Wednesday, January 29, 2014

The Great Comics Reread: Shi

I honestly cannot remember why I started piking up Shi.  Hell, I can't remember the first one I grabbed but over the years I've managed to collect a stack of comics about 15cm (6in) high.

Rereading the comics I found it a little frustrating -  due to variant covers I've managed to acquire quite a few duplicate copies of the same comic.  Also the reading order was problematic as there is actually several different characters called Shi.  There is the ancient Shi from 1600's Japan Yuri Ishikawa called Toro no Shi (Tiger of Death), a WWII era Shi who first appeared in Shi East Wind Rain as an  "imaginary" version of the modern Shi and the modern Shi Ana Ishikawa and it is not always clear which version the story is about.  For example Toro No Shi appears in Poisoned Paradise but it is modern Shi who is drawn on the cover.  Toro No Shi and modern Shi both appear in parallel stories in Heaven and Earth.

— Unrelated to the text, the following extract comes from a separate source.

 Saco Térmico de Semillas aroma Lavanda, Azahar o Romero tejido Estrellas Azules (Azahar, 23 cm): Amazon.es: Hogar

(I have to add a gripe about cross company crossovers being in two parts such as Daredevil/Shi #1 and Shi/Daredevil #1 how am I supposed to know the correct order for them.)

Adding to the confusion, the first Shi story Way of the Warrior has been retold twice, firstly in a two issue miniseries Rekishi by Christopher Golden and in the four issue novelisation Shi; The Illustrated Warrior by Craig Shaw Gardner. (although it was handy in filling in the gaps in my run of Way of The Warrior)

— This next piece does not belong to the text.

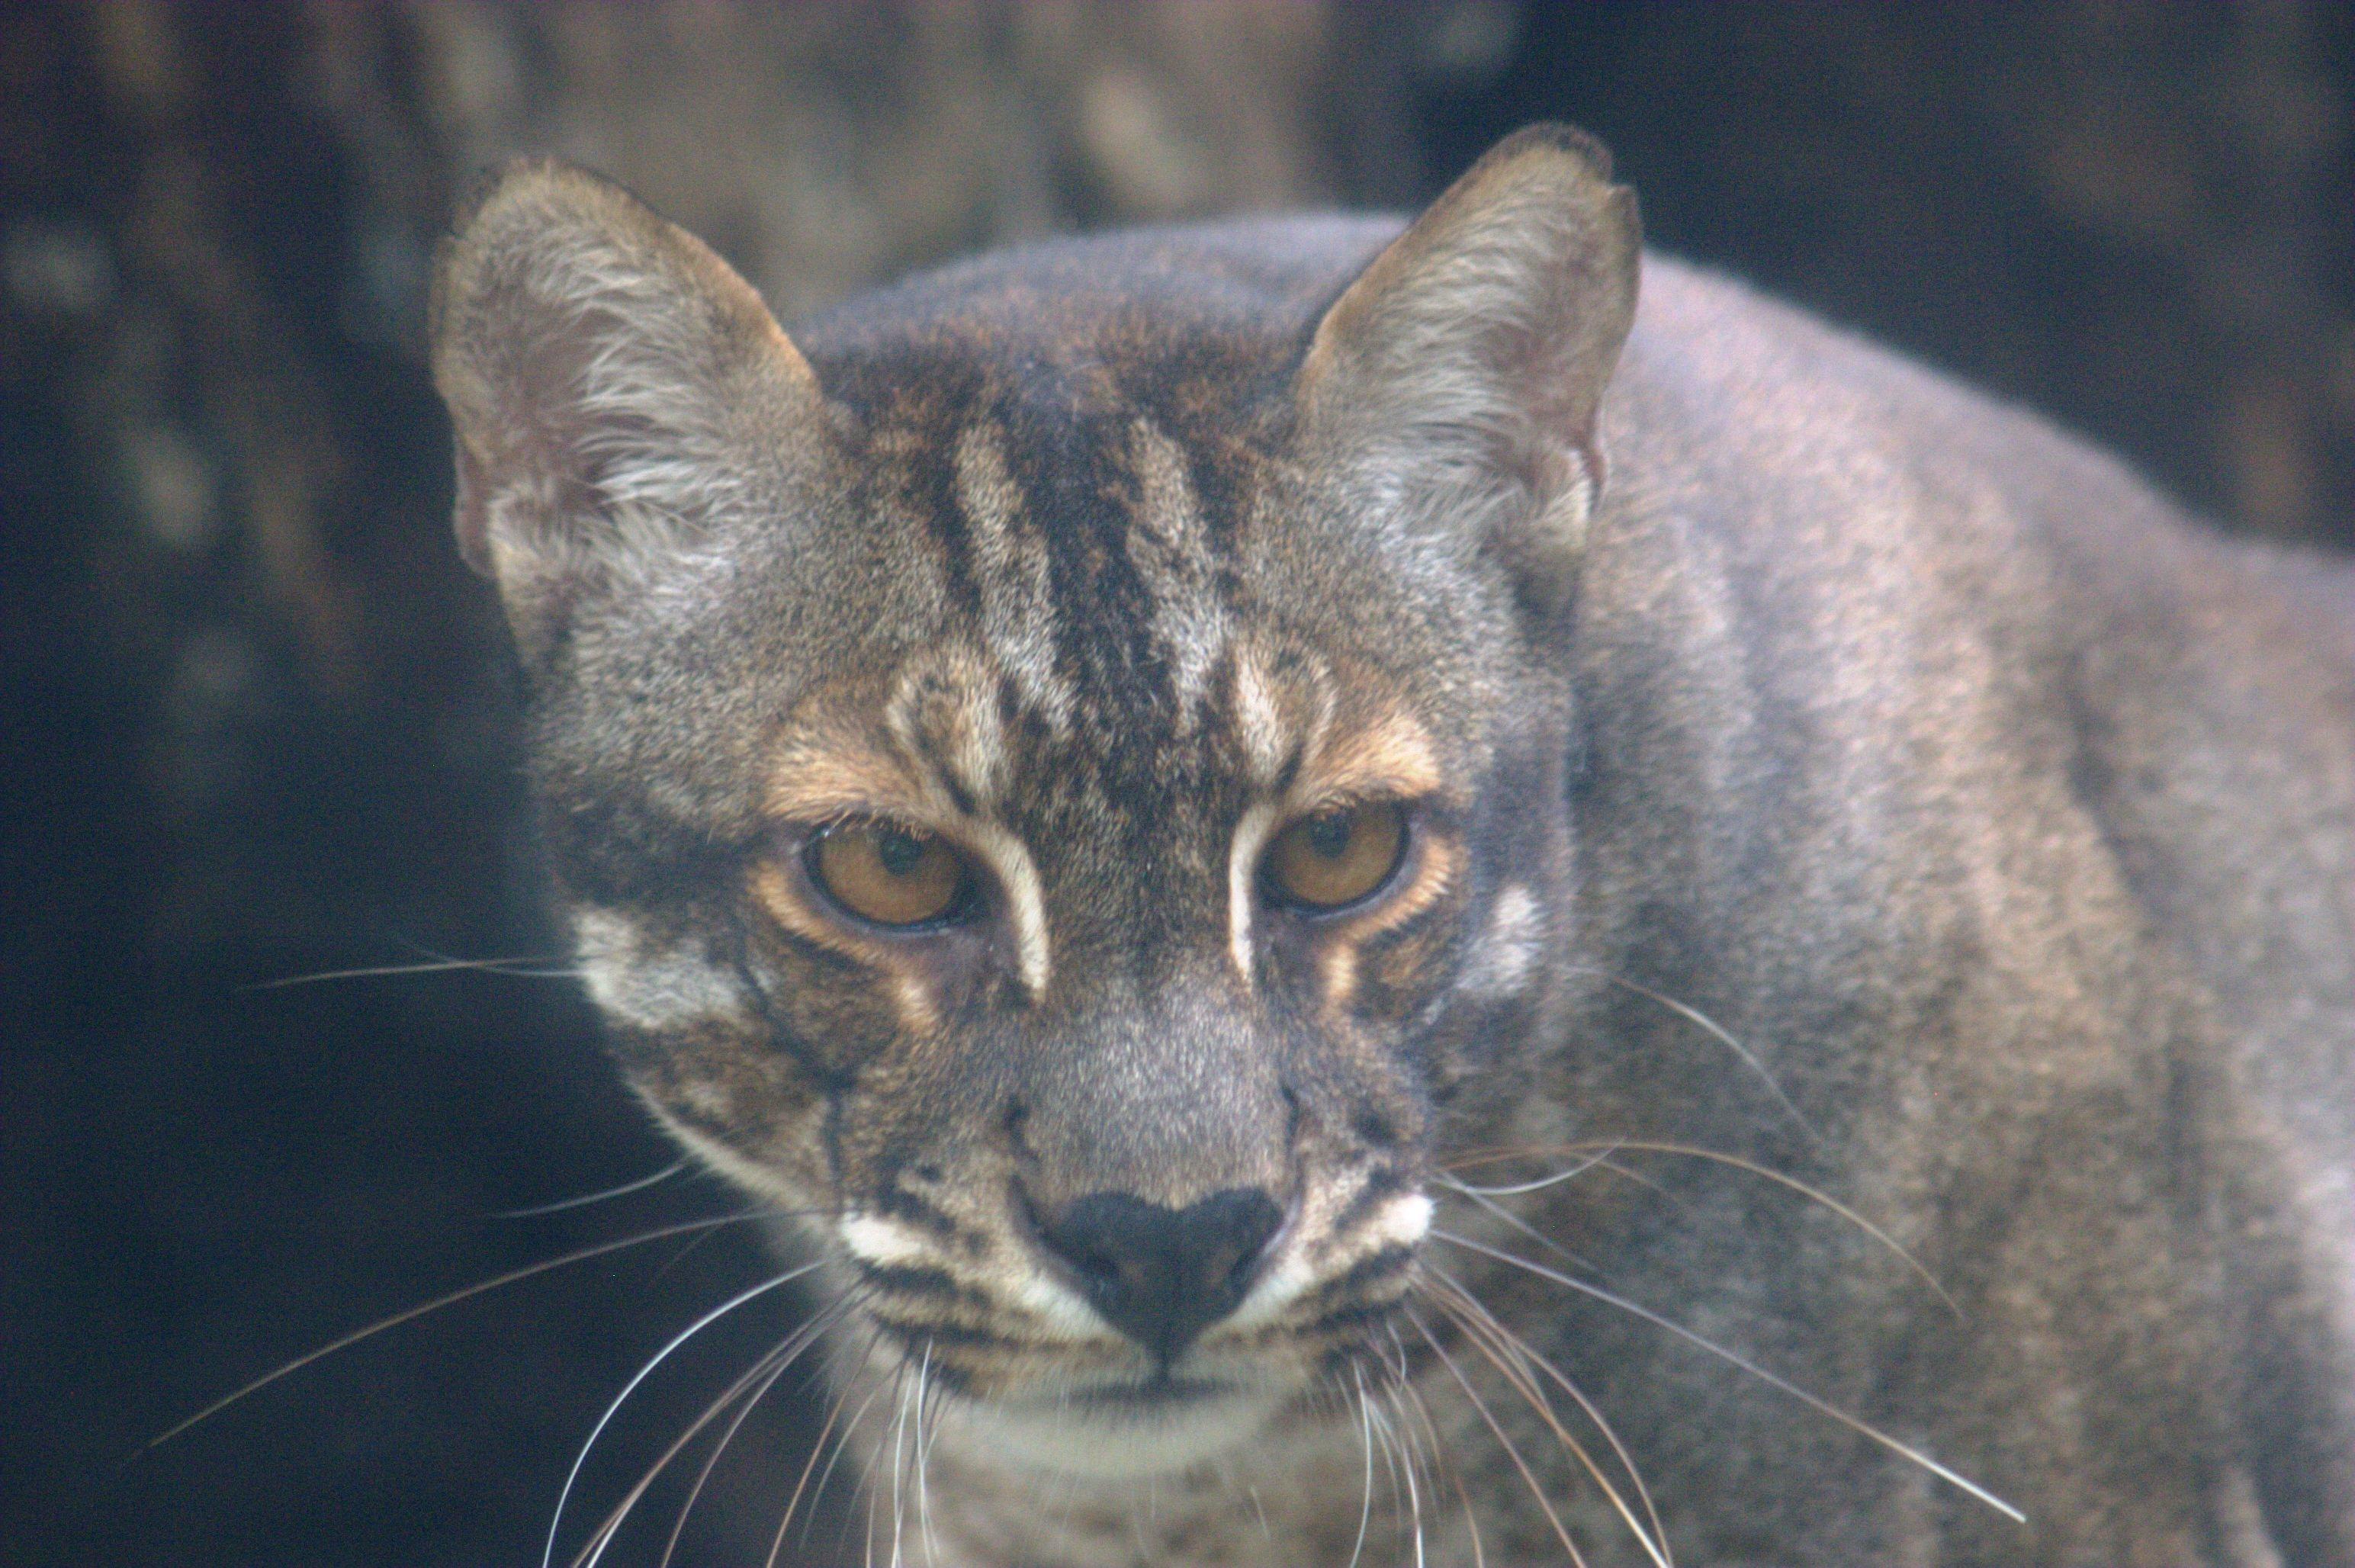 Image Pardofelis Temminckii Temminckii Southeast Asian Golden Cat Biolib Cz

The stories start off in traditional vigilante fashion with 10 year old Ana Ishikawa witnessing the death of her father and brother at the hands of a Yakuza chieftan Arashi.  Ana is then trained by her grandfather as a samurai and eventually she seeks revenge against Arashi.  For the most part Way of The Warrior is grounded in reality.

From there the story expands adding supernatural elements such as Oni (demons) and Kitsune (fox spirits) as well as super science such as time travel.

However, I did enjoy the stories and fact that the series could change from a fuedal war between rival clans to a battle with Oni.

While Ana has a Japanese name and training, her mother was American and raised her as a Christian and many of the stories deal with Christianity.  The Tora No Shi stories deal with the persecution of early Japanese Christians.

All of the Shi books I read have interesting stories and lovely art.  I'll have to keep my eye out for more Shi stories.

I found Shi-Through The Ashes to be an especially moving story with Ana caught in the World Trade Centre during the events of 9/11.  Ana never appears as Shi in the story (she does in the artwork) which made the events all the more powerful - Ana for all her training was overwhealmed by the events of that day and the firefighters are presented as true heroes.


  1. I've never read any Shi comics, but they always looked interesting.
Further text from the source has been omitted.